**Exercise**
Produce a verbatim transcription of the records below, beginning at the line containing "Things to do" and ending at the final line; include only those lines.

**Records shown**
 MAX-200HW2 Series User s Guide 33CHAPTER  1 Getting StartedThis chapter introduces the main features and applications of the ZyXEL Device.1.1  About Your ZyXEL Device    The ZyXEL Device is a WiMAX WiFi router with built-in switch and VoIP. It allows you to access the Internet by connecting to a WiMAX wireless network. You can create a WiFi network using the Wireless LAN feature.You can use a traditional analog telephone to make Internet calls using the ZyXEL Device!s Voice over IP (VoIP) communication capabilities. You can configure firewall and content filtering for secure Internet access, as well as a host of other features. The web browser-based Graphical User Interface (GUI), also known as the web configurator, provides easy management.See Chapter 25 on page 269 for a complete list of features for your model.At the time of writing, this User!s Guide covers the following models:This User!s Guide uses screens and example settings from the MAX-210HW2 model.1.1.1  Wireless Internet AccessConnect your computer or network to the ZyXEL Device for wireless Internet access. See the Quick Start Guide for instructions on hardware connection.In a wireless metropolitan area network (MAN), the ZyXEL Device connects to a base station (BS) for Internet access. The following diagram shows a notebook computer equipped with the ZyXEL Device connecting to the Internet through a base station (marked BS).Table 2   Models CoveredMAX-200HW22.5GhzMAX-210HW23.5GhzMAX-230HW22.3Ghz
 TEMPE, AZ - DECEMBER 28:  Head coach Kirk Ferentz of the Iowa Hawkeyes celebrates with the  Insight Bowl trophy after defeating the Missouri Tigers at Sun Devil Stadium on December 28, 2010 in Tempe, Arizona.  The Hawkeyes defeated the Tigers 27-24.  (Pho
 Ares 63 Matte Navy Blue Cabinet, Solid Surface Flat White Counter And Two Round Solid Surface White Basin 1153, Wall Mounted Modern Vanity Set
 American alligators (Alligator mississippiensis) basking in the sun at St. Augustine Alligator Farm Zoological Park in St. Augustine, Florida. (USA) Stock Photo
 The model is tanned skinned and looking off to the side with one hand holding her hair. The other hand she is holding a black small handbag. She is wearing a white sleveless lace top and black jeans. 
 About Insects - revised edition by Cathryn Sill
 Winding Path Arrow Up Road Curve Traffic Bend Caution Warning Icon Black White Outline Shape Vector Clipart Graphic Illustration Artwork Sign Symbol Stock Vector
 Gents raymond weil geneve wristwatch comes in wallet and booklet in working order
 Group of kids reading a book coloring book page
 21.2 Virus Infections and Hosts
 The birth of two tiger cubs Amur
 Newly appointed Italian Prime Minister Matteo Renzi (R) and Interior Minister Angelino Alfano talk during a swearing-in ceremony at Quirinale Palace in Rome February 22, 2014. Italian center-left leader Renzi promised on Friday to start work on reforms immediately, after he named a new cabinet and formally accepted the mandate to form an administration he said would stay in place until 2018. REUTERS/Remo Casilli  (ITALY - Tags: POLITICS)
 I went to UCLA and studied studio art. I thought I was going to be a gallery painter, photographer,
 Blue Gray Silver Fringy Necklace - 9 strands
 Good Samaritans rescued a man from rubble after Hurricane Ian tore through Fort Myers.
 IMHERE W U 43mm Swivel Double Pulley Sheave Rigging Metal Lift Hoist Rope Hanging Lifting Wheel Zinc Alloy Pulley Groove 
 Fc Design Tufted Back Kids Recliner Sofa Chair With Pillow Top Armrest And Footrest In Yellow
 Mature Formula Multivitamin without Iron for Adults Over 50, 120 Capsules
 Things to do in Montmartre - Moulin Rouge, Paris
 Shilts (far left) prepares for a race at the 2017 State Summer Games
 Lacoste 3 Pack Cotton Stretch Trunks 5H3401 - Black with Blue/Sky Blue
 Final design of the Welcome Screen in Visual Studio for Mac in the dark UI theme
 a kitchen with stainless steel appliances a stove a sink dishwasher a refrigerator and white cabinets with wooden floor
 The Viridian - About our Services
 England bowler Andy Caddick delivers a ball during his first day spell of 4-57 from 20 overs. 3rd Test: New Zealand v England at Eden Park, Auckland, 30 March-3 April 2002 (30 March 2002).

**Worked solution**
 Things to do in Montmartre - Moulin Rouge, Paris
 Shilts (far left) prepares for a race at the 2017 State Summer Games
 Lacoste 3 Pack Cotton Stretch Trunks 5H3401 - Black with Blue/Sky Blue
 Final design of the Welcome Screen in Visual Studio for Mac in the dark UI theme
 a kitchen with stainless steel appliances a stove a sink dishwasher a refrigerator and white cabinets with wooden floor
 The Viridian - About our Services
 England bowler Andy Caddick delivers a ball during his first day spell of 4-57 from 20 overs. 3rd Test: New Zealand v England at Eden Park, Auckland, 30 March-3 April 2002 (30 March 2002).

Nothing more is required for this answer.